_Exercise description_
Restate verbatim the span of lines below between the line with "Happy Birthday to Ariana Grande !!" and the line with "AOTD: nope, this will be my first time !", including those two lines, and only that span.
*** Exercise material Section Begins ***
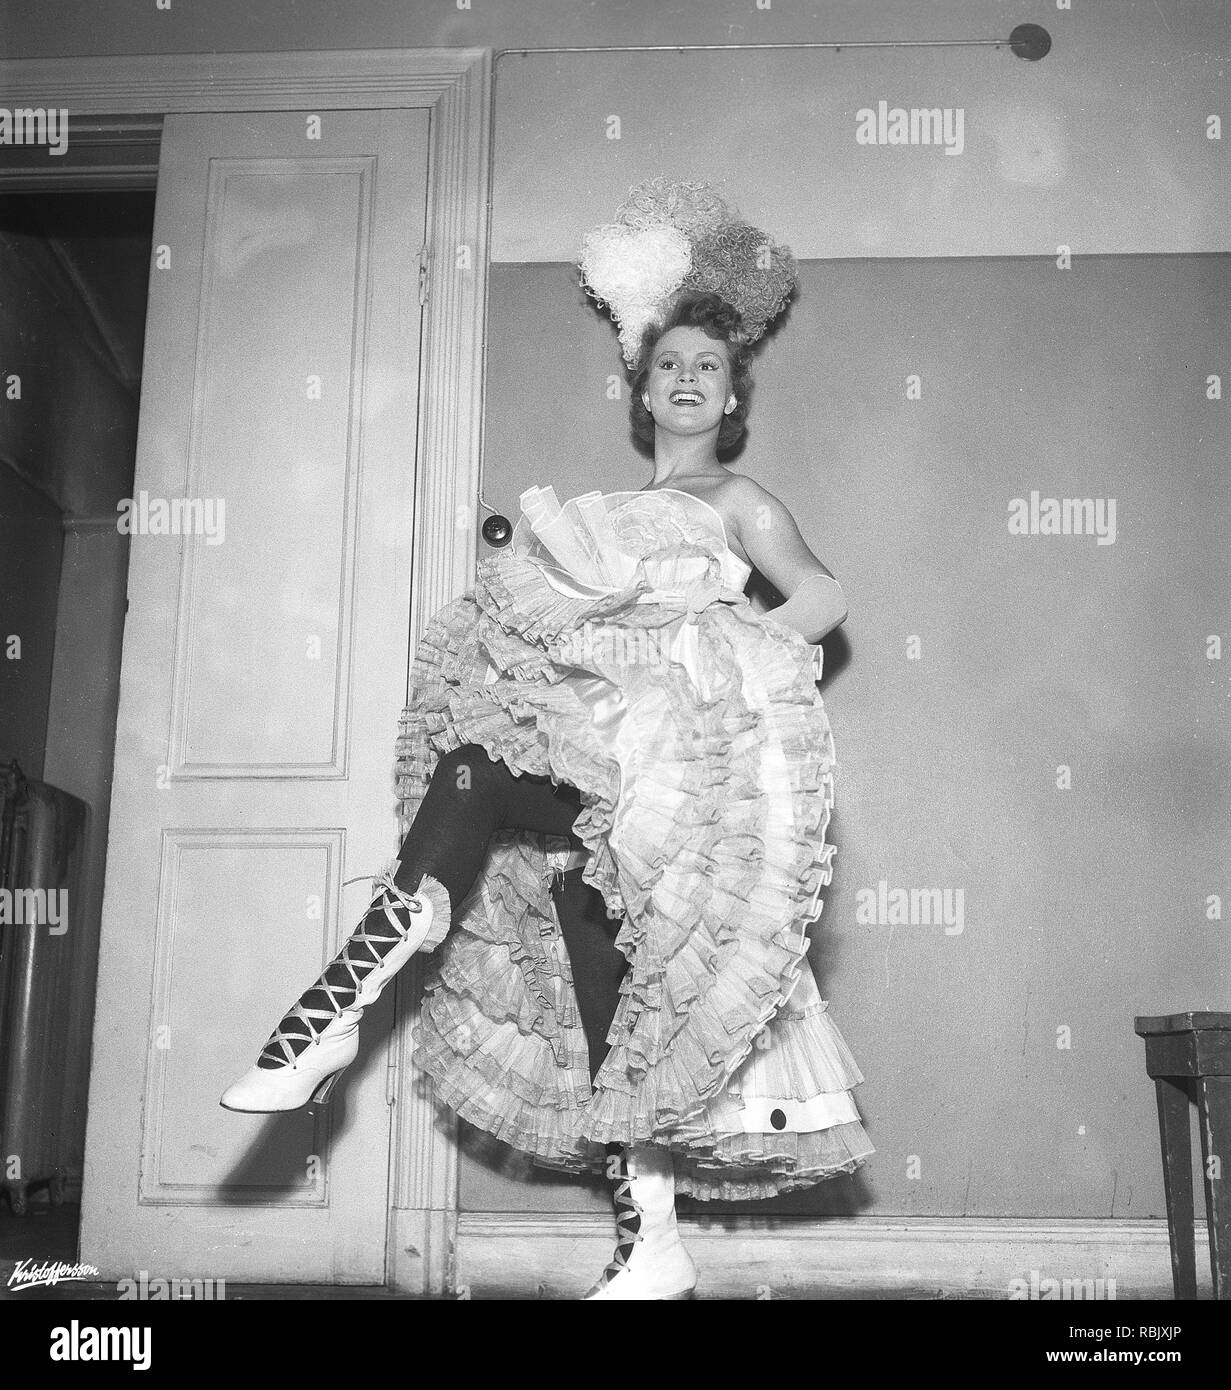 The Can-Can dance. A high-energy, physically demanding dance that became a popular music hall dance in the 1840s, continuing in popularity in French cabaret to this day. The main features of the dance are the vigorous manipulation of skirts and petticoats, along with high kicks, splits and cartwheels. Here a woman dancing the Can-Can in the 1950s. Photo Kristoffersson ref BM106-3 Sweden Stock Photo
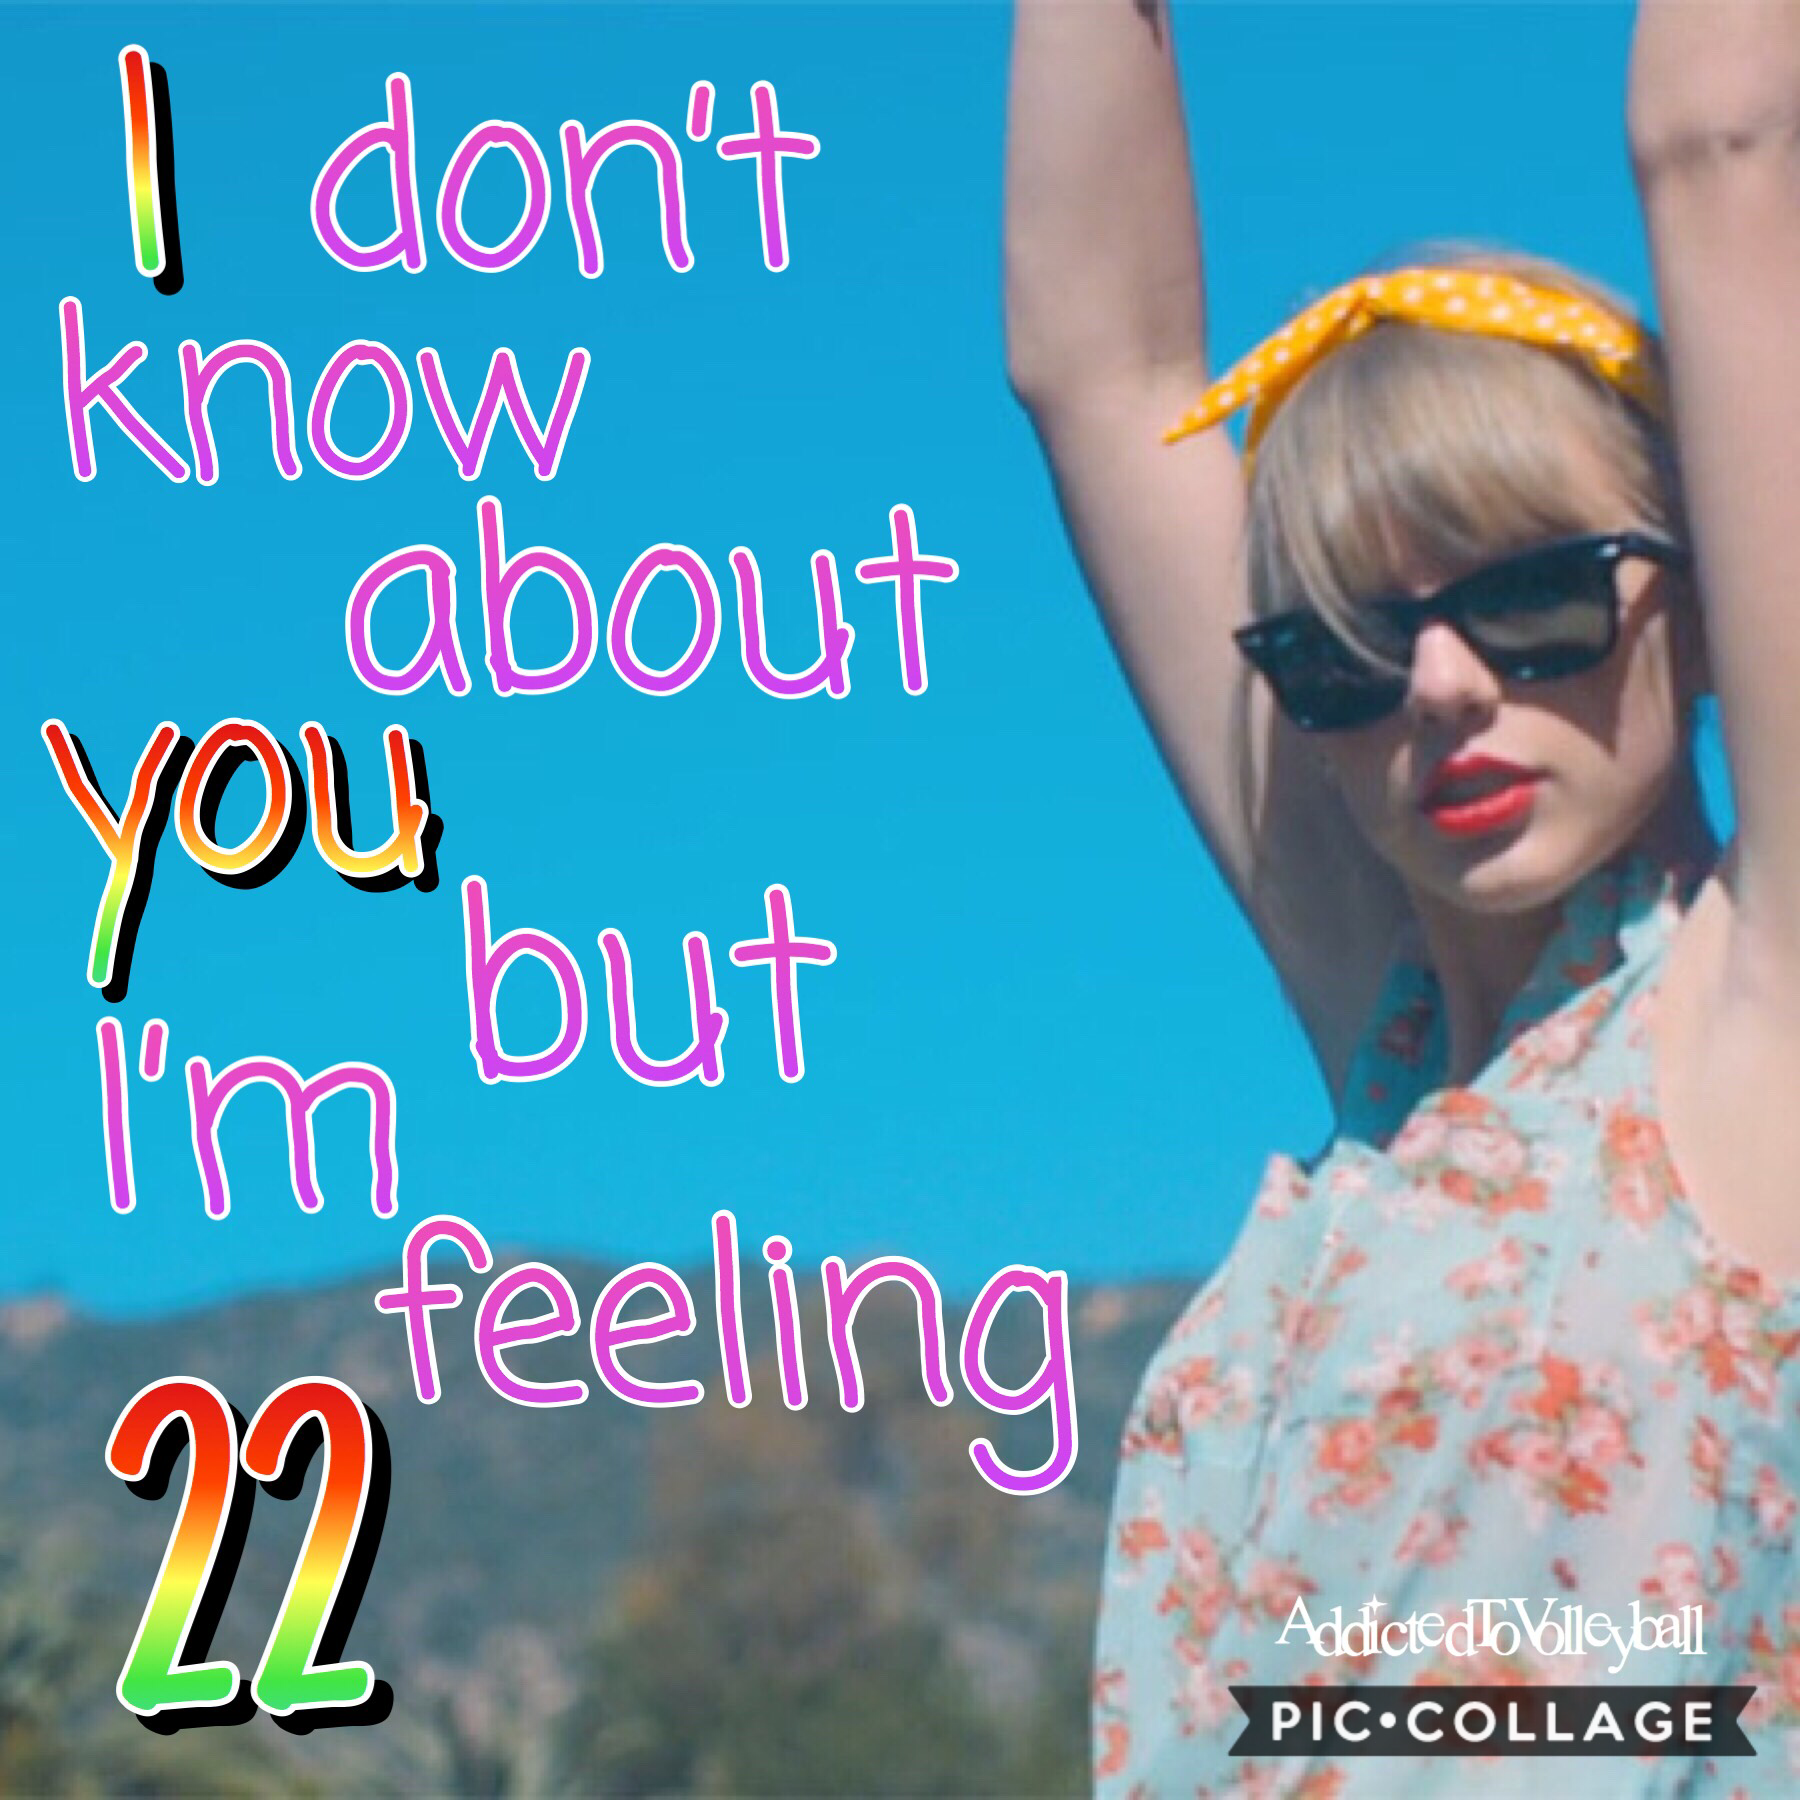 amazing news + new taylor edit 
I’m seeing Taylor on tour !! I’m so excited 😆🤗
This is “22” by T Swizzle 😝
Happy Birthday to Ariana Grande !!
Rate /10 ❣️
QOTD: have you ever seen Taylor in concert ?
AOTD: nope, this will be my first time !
*** Exercise material Section Ends ***
*** Exercise material Section Begins ***
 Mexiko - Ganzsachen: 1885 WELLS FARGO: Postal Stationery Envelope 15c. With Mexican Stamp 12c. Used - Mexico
*** Exercise material Section Ends ***
*** Exercise material Section Begins ***
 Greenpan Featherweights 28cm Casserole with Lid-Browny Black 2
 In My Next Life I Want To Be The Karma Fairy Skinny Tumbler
*** Exercise material Section Ends ***
_Solution to this exercise_
Happy Birthday to Ariana Grande !!
Rate /10 ❣️
QOTD: have you ever seen Taylor in concert ?
AOTD: nope, this will be my first time !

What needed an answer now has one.